Buoyed by their back-to-back European demolitions of the Scarlets, Leinster turned down their first kickable penalty in search of an early try but Ulster’s aggressive defence kept them out and a straight-on penalty from Shaun Berne opened the scoring on ten minutes.
Berne’s opposite number, Niall O’Connor, failed to punish Sean O’Brien for a stray boot at a ruck and Ulster blindside flanker Thomas Anderson received a harsh sin-binning after he was adjudged to have gone over the top of a ruck after a hack through from Isaac Boss.
But Ulster showed great resilience while a man down — they backed themselves in seven-man scrum situations — and the game continued at a high pace with midfield breaks from Stan Wright and Simon Danielli almost setting up tries.
Leinster replacement Mike Ross was pinged for a needless offside and O’Connor converted the resulting kick to briefly level the tie, only for man-of-the-match Kearney to break the try deadlock five minutes before the break.

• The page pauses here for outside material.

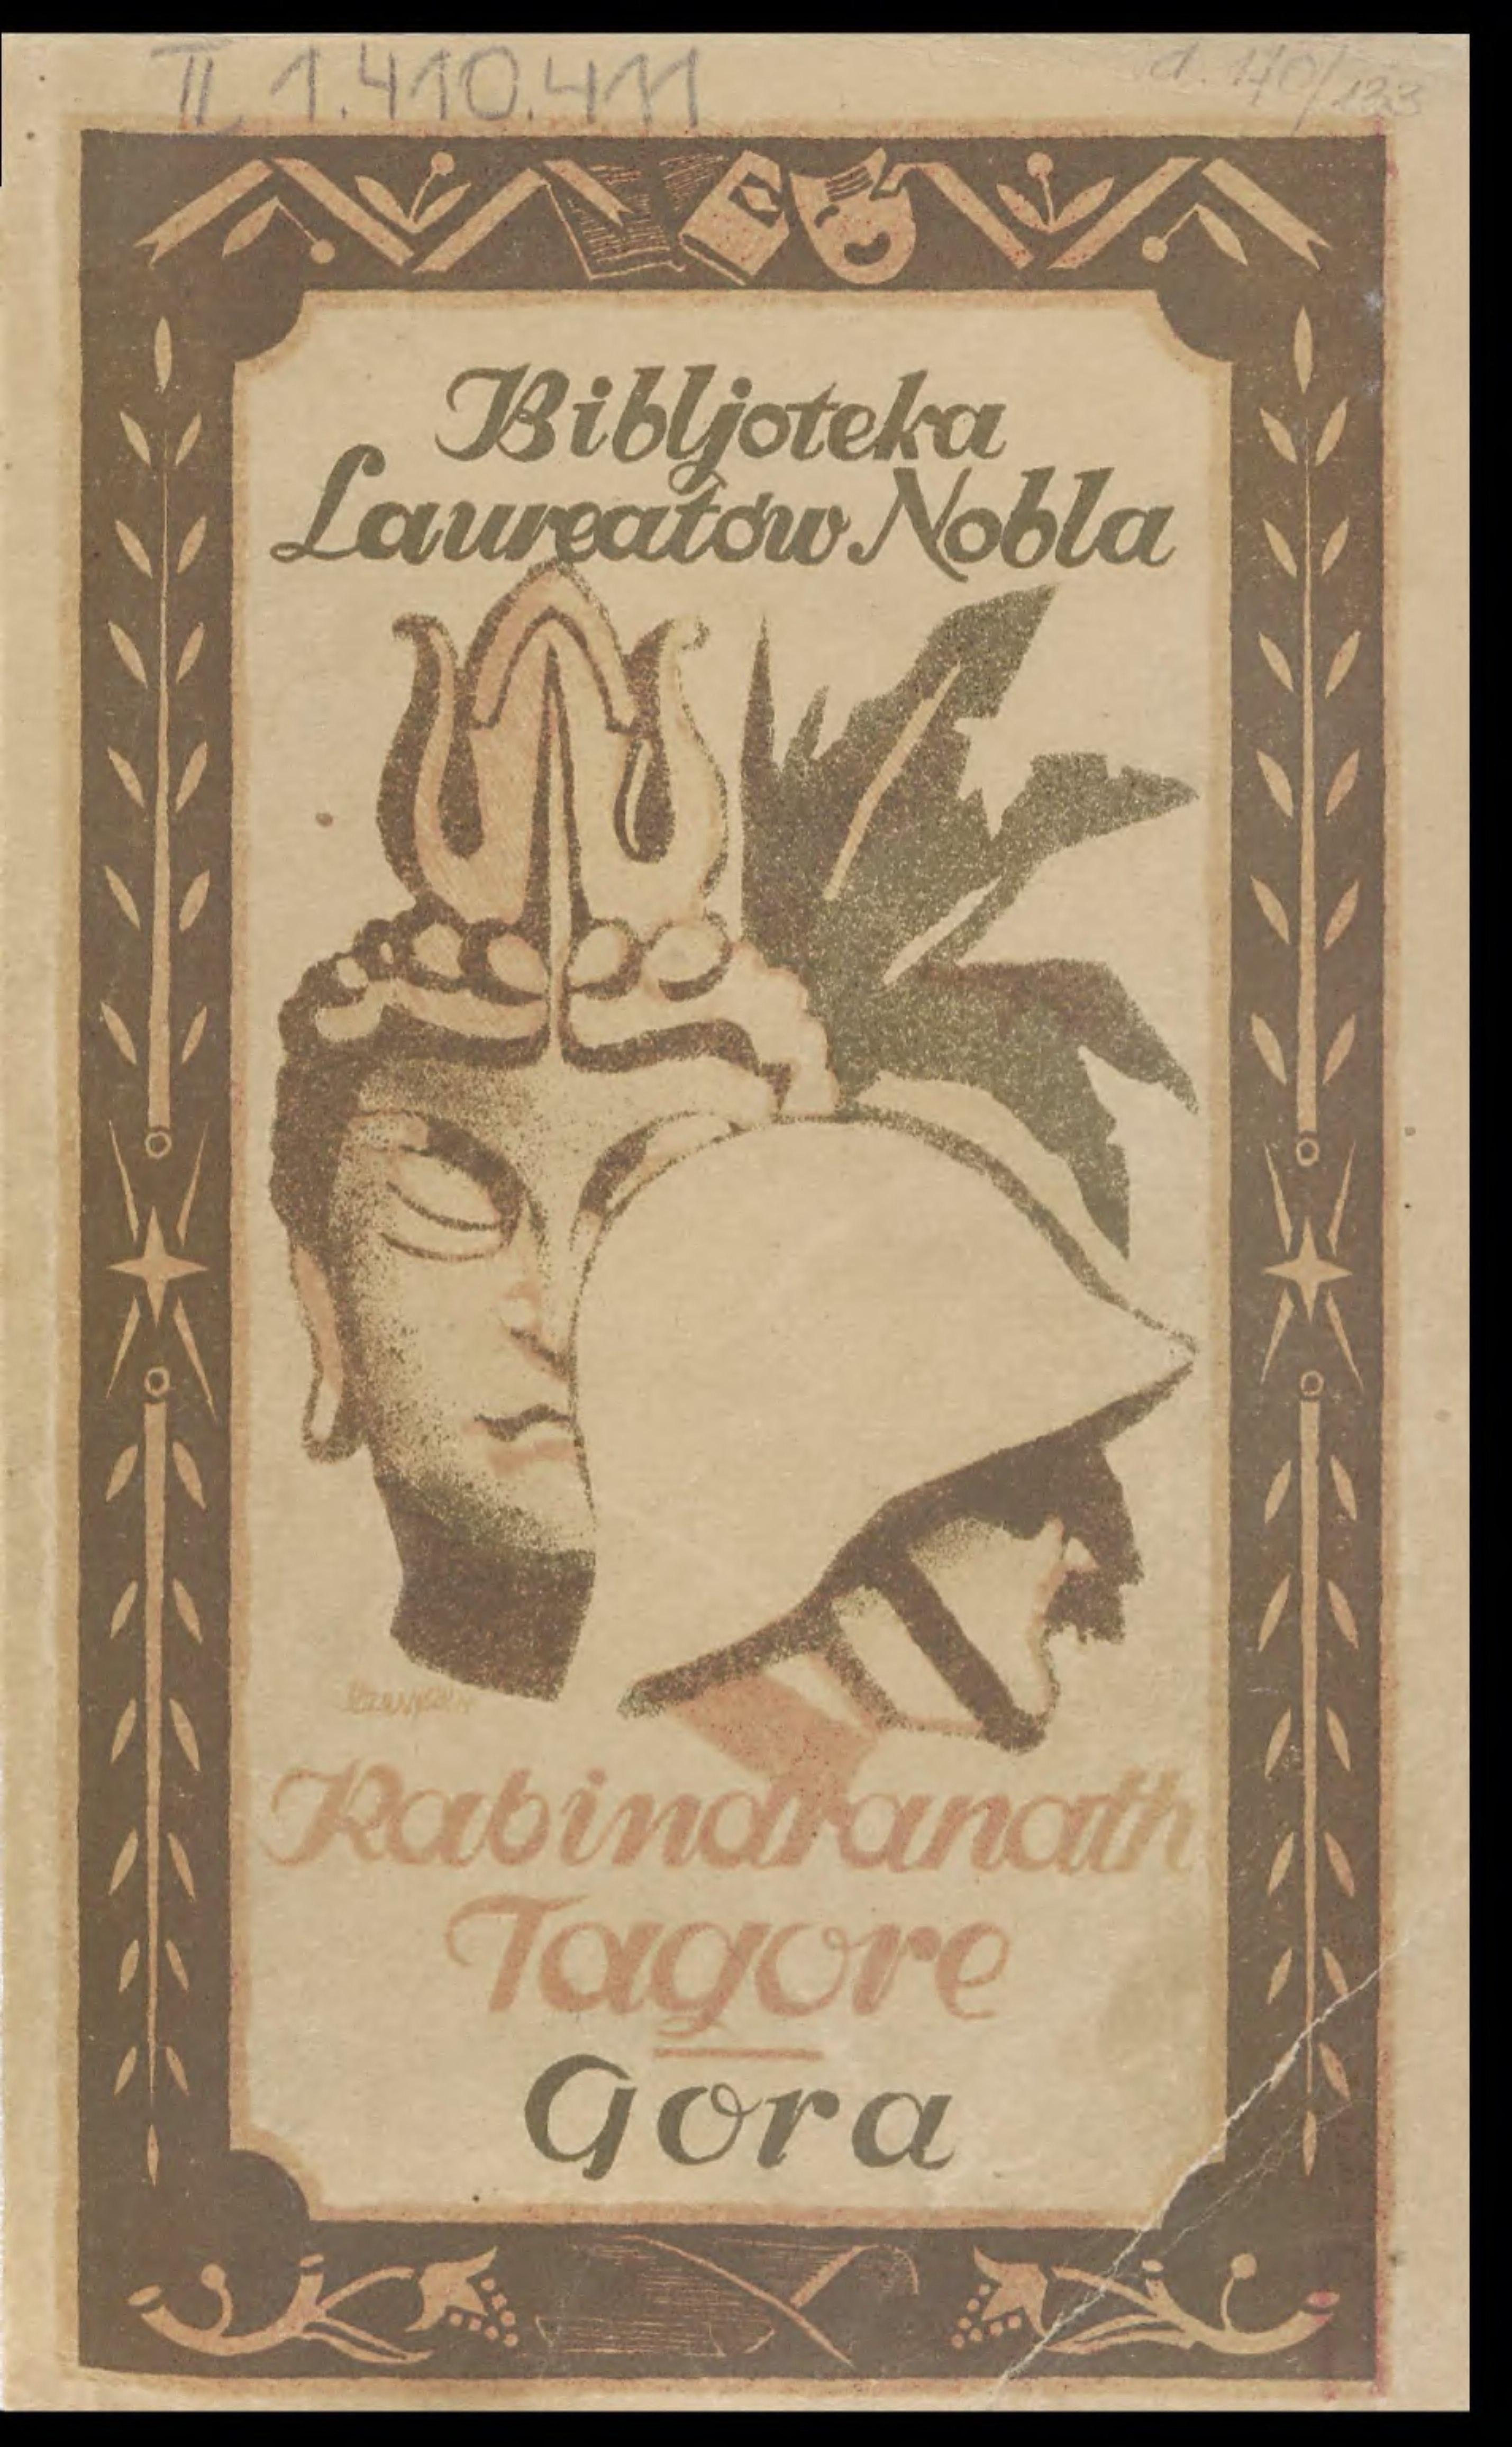 File:Rabindranath Tagore - Gora djvu - Wikimedia Commons

Gordon D’Arcy made the score with a neat step and sweetly-delivered offload out of contact and Kearney raced onto the pass on the 22 to outstrip the cover and ease over under the posts. Berne’s conversion made it 10-3 at half-time.
Ulster’s defence slipped up again six minutes into the second half when Kearney battled to gather his own garryowen inside the visitors’ half and deftly passed to the supporting Heaslip, who swatted Smith away with a powerful hand-off and galloped over to the left of the posts.
Berne failed to add the conversion and Leinster struggled thereafter to carve out further try-scoring opportunities. It was Ulster who looked more threatening in the closing half-hour and they really should have garnered a losing bonus point.
As Leinster fell off the boil, Ulster were in desperate need of some better execution. The best of their chances came in the dying minutes when Shiels raced into space, and had Danielli held his pass out to the left touchline, a try looked certain.